Бродя по пароходу, забредая в рубку, он слышал лишь звук своих шагов, даже в машинном отделении была тишина. Тогда еще Ромуальд не знал, что временами в родных базах флота практиковали береговое питание. Почти все каюты были закрыты, но несколько из них никак не препятствовали входу внутрь. В одной он обнаружил всякие разные книги про строительство электростанции на Иртыше, колхозников-трактористов и «Похождения графа Невзорова» Алексея Толстого. За время своей долгой вахты он перечитал эту книгу три раза, каждый раз заново смакуя.

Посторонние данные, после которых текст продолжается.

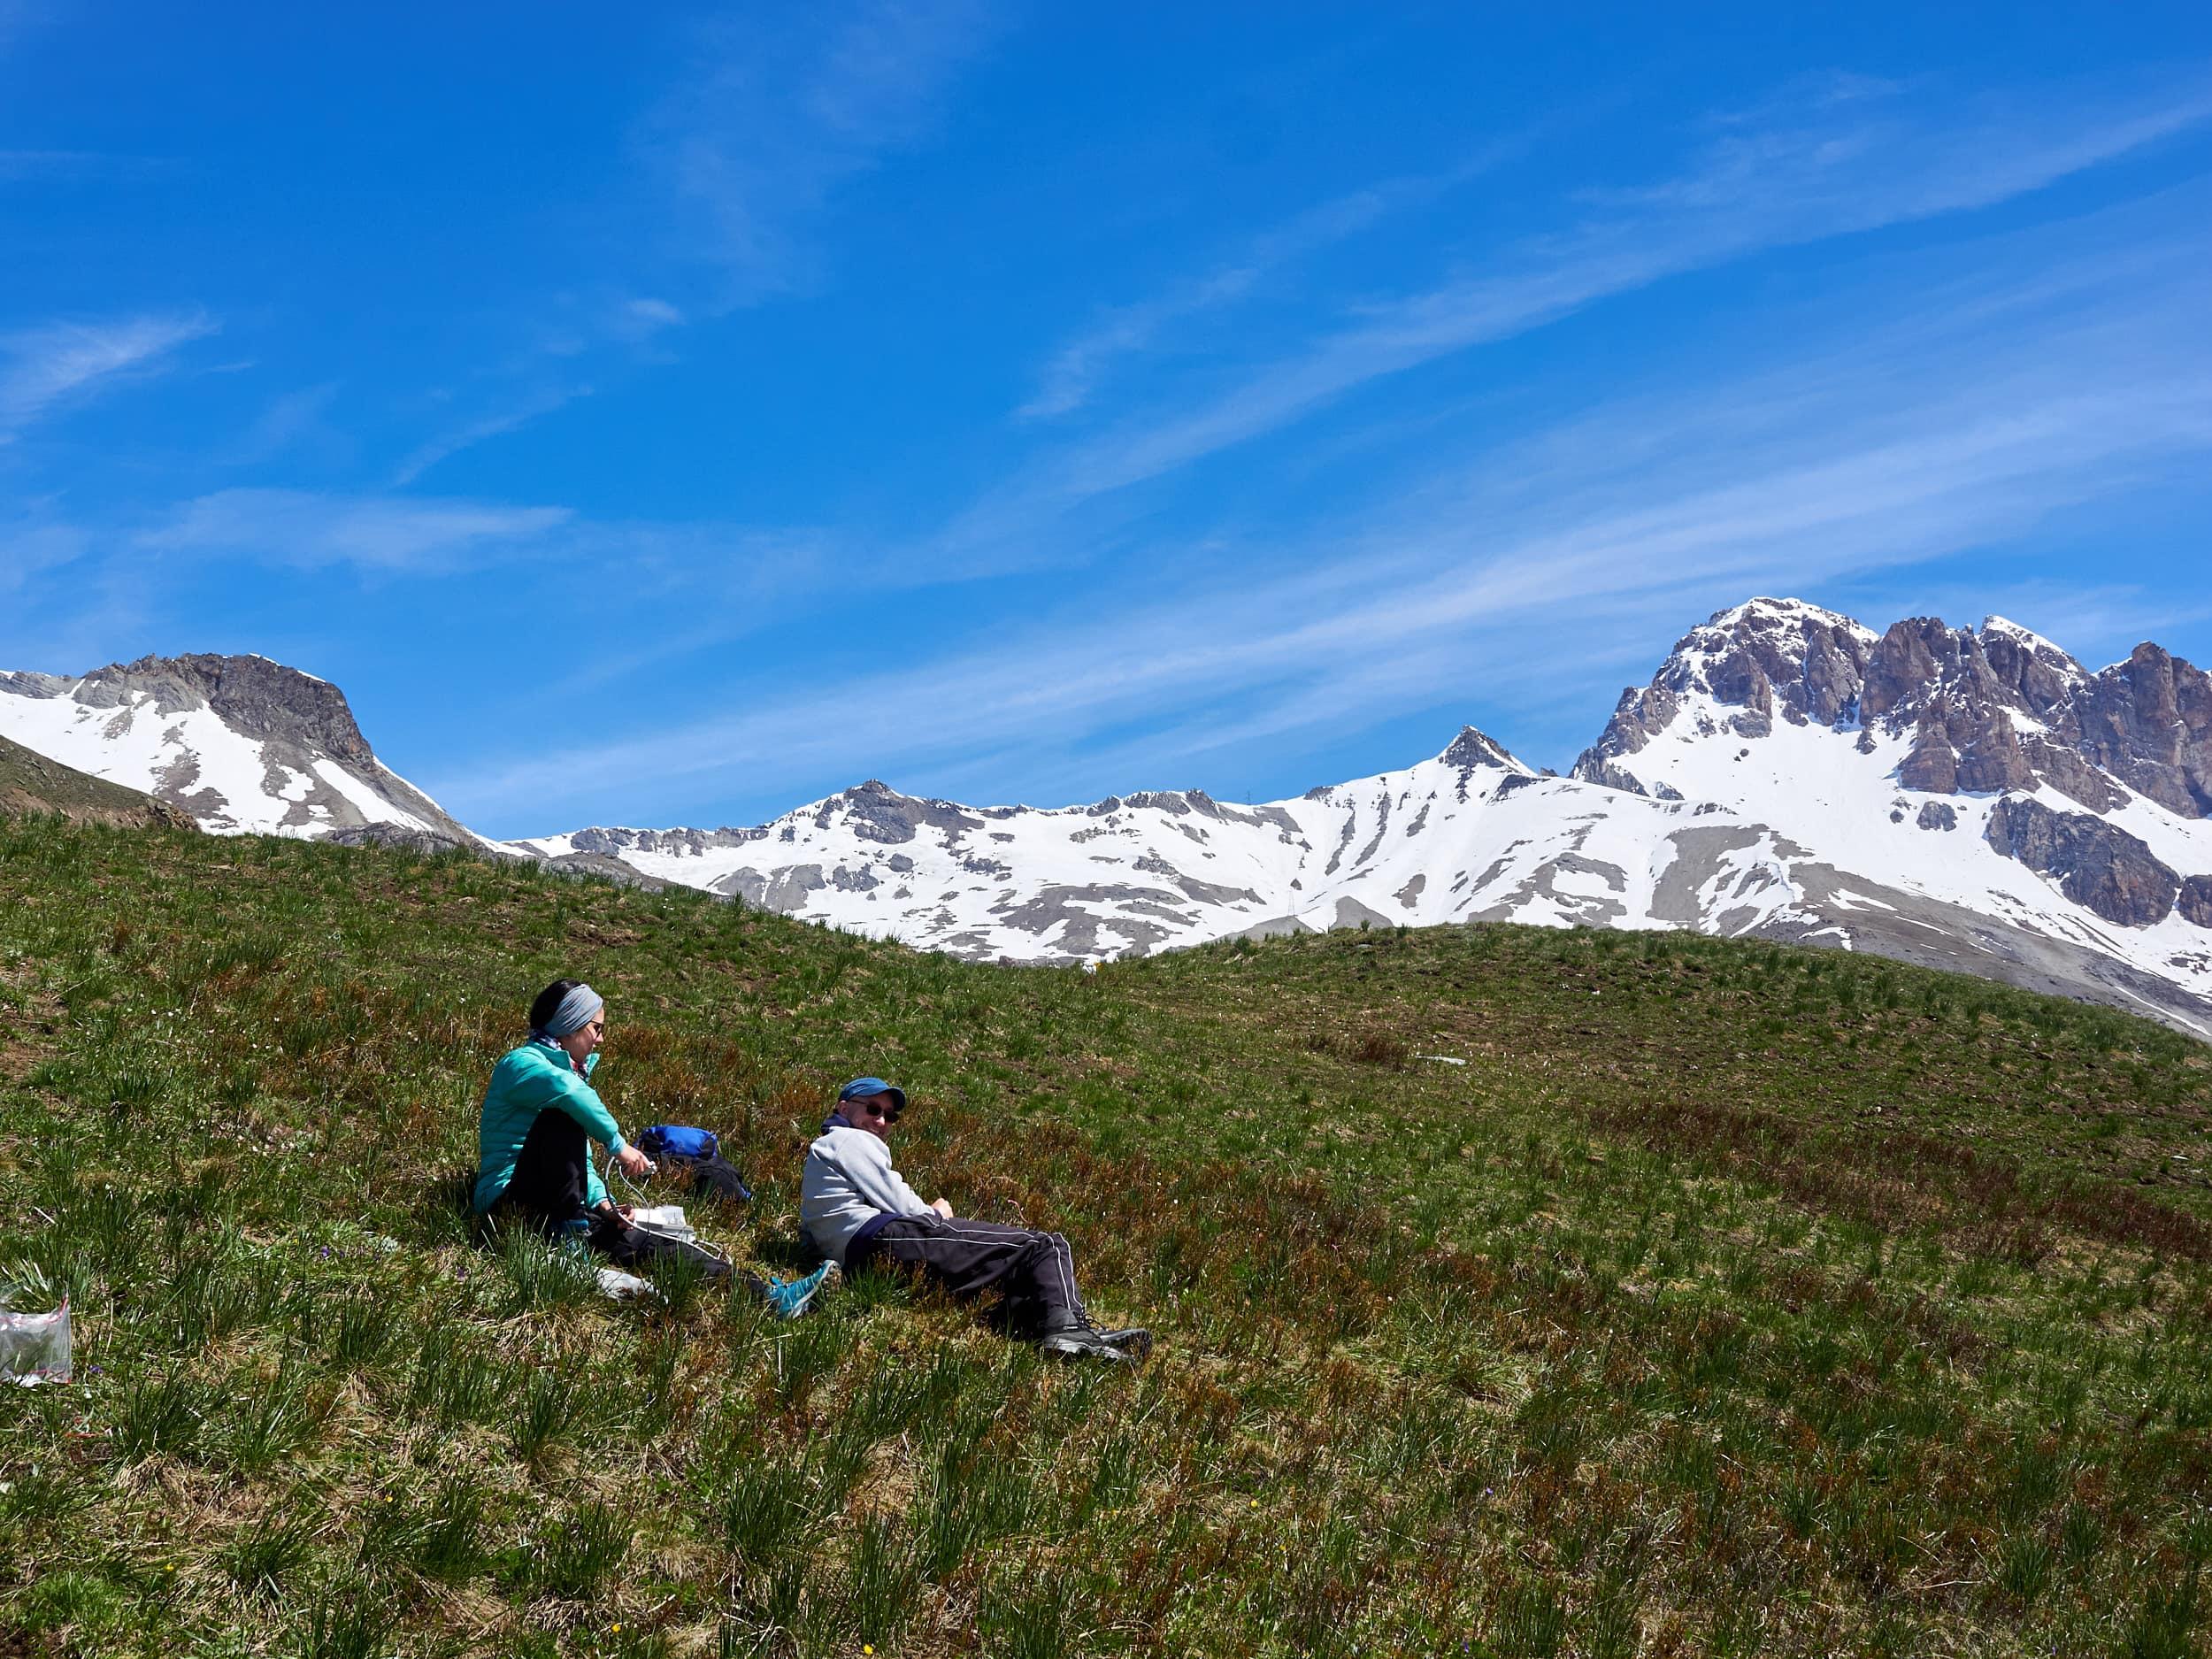 Measuring campaign in the Alps

В другой каюте постоянно кто-то лежал в койке и ожесточенно спал. Каждый раз разный человек, если можно было судить по неизменно менявшейся одежде. Вокруг на переборках притворно крысились голые тетки, вывернувшись наизнанку. Ромуальд деликатно кашлял, надеясь пробудить неизвестного человека, но отвлекался на богатый внутренний мир ухмыляющихся девиц, заставлял себя отвлечься и, плюнув на незнакомца, уходил прочь. Как пробирались мимо него, вахтенного, почти постоянно находящегося у трапа – было загадкой.
Для себя место ночевки он определил в кают-компании на диванчике, потому что боялся, что, почивая в каюте, не расслышит шаги случившихся визитеров.
В понедельник рано утром, часов в двенадцать, Ромуальд все-таки проспал посетителя.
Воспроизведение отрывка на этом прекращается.